We’ve explained what “Tensor cores” are in a previous blog post, but what you may not know is that Nvidia is working hard at improving how fast these already blistering CPU cores are. The T4 PCIe card was first introduced in 2018, but it’s still a product that many people have never heard of. Yet it can play a crucial part in modern data centers.
What Does the T4 Do?
The T4 is designed to accelerate processing tasks typically used in machine learning applications and other high-performance tasks using tensor math. It can also perform general-purpose GPU computing tasks using CUDA cores. So anything that’s been written to use CUDA on regular GPUs, should work here as well.
What the T4 doesn’t do is connect to a display device and act as a GPU. It doesn’t have any back-panel IO at all and is designed to be installed in low-profile server systems.
The T4s Specs
The T4 card is essentially what you get when you take an Nvidia RTX GPU and remove the GPU features, such as display outputs. What you have left over are the CUDA cores, dedicated Tensor Cores and the ray-tracing acceleration hardware found in RTX GPUs. The T4 is based on the Turing chipset specifically, so it’s tensor and ray-tracing hardware matches those on equivalent RTX cards on a per-core basis.
The T4 in particular has:
2560 CUDA cores.
320 Turing Tensor cores.
16GB of GDDR6 with ECC.
Compared to a regular x86 CPU typically used in servers, the T4 is much, much faster at processing jobs such as training neural nets or drawing inferences from data.
It’s about more than just hardware performance however. The T4 card is passively cooled, low-profile and only draws 70W at its peak. In environments where the energy cost of computation is a major factor, this makes it orders of magnitude cheaper to run machine learning and GPGPU tasks on something like the T4 than a typical server-grade CPU.
Who is the T4 For?
The T4 has a place both in server systems and in workstations.

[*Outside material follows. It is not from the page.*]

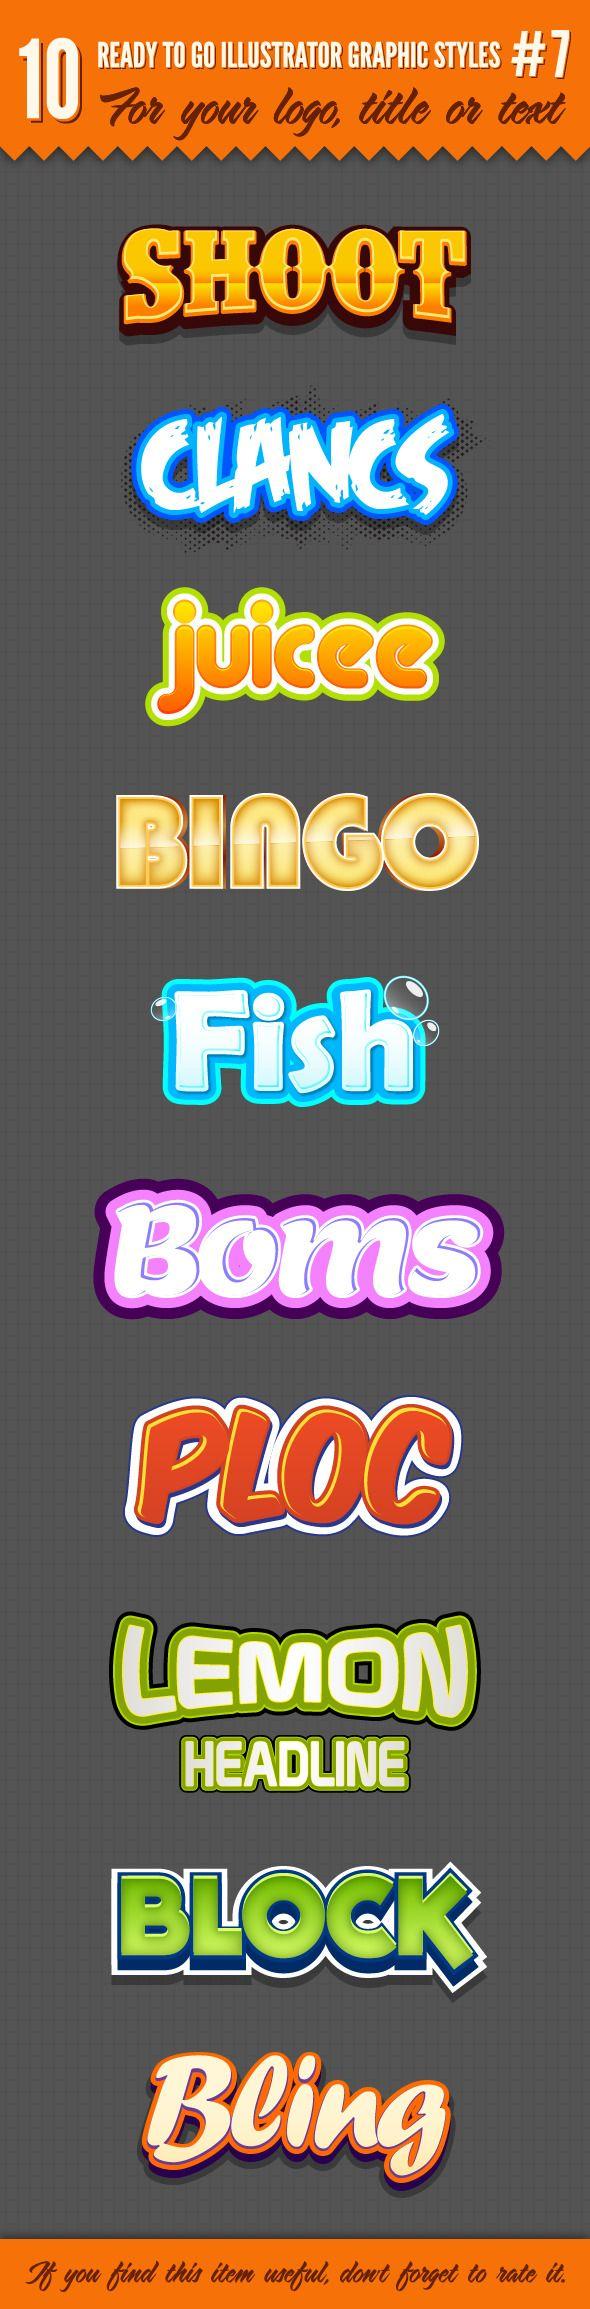 10 Logo Graphic Styles #7
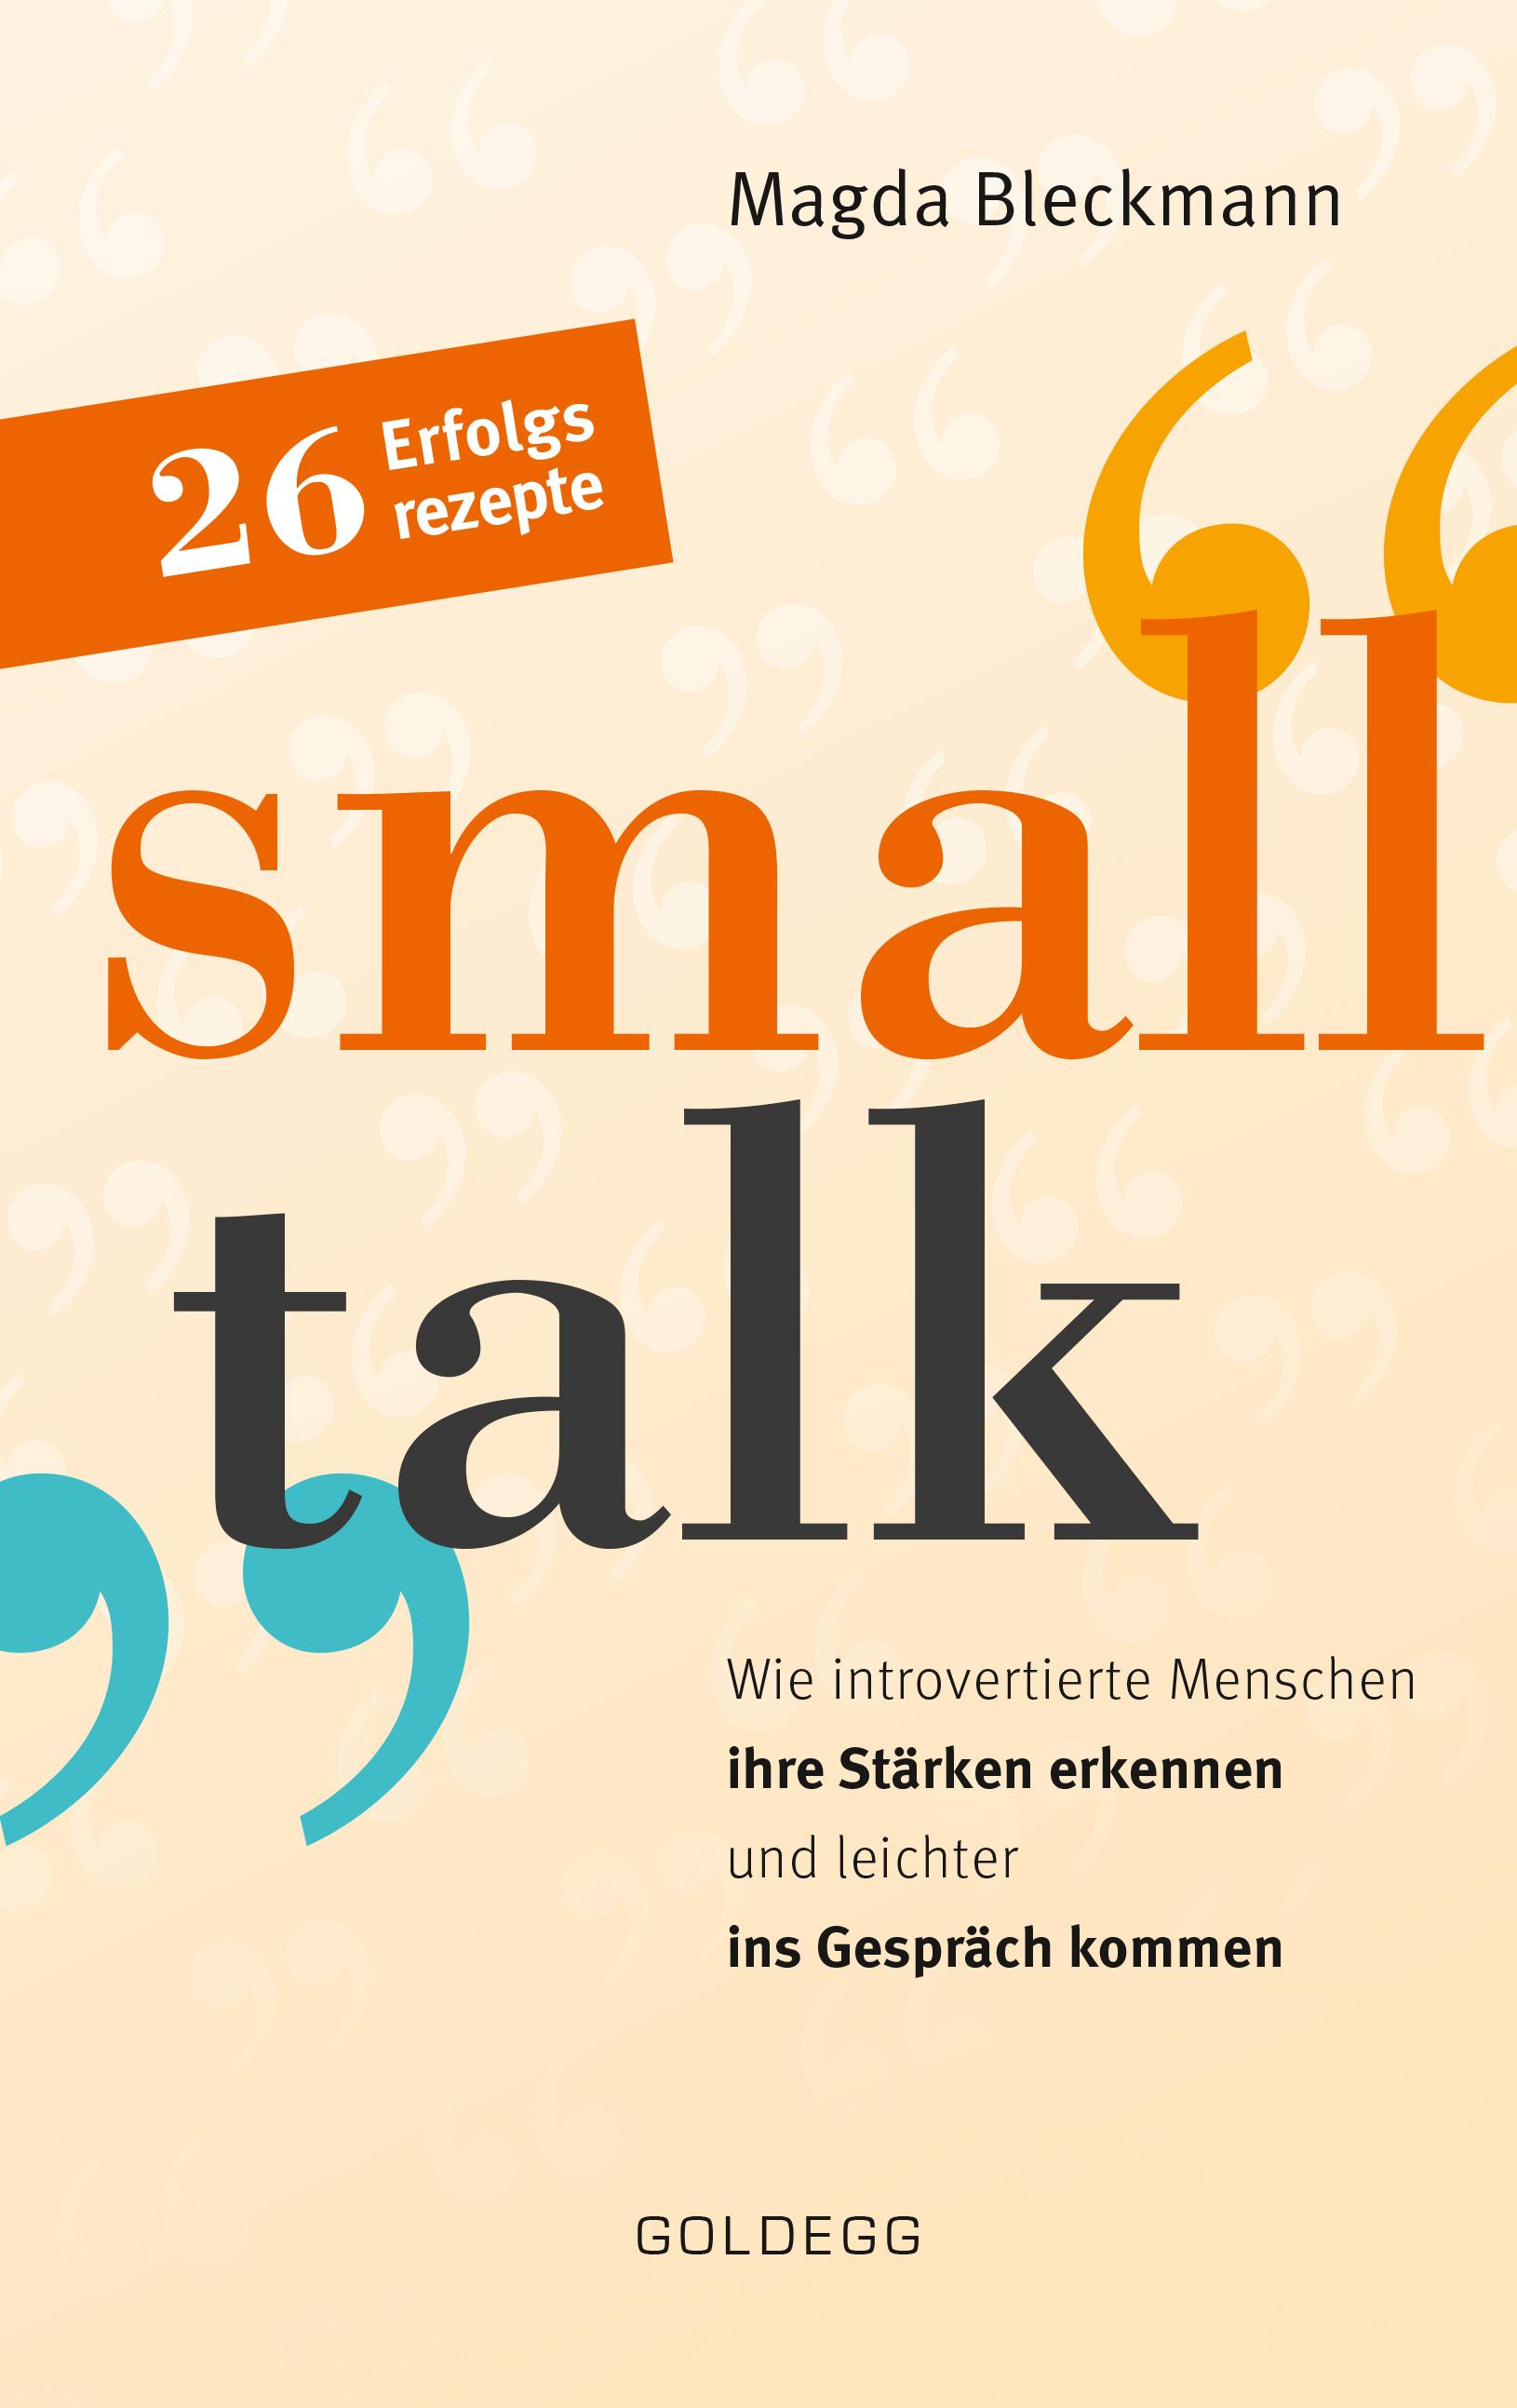 Smalltalk, Introvertierte, Kommunikation, Gespräch, Talk, Seminar, Smalltalk lernen, Smalltalk Seminar

Especially for workstation systems where you need to do machine learning tasks such as creating deep fakes or upscale footage using high-end AI upscaling. The use cases for machine-learning acceleration are growing by the day and adding a dedicated card to handle that while you keep working in the foreground could be a cost-effective way to boost your available processing power.
For server owners in data centers or perhaps just in SME’s or creative groups who need to share processing time, T4 cards and the like offer a way to accelerate offline rendering or machine learning type workloads in a small package. Many servers already have several low-profile PCIe slots to spare, which means that T4s can act as in-place upgrades and free up traditional CPUs for other tasks.
A Niche Card With Wide Applications
While a headless GPU packed with specialized silicon isn’t a component we’d recommend to every customer, the application of machine learning methods and the need to perform tensor math is growing rapidly. The T4 makes a whole lot of sense for a surprisingly large number of consumers.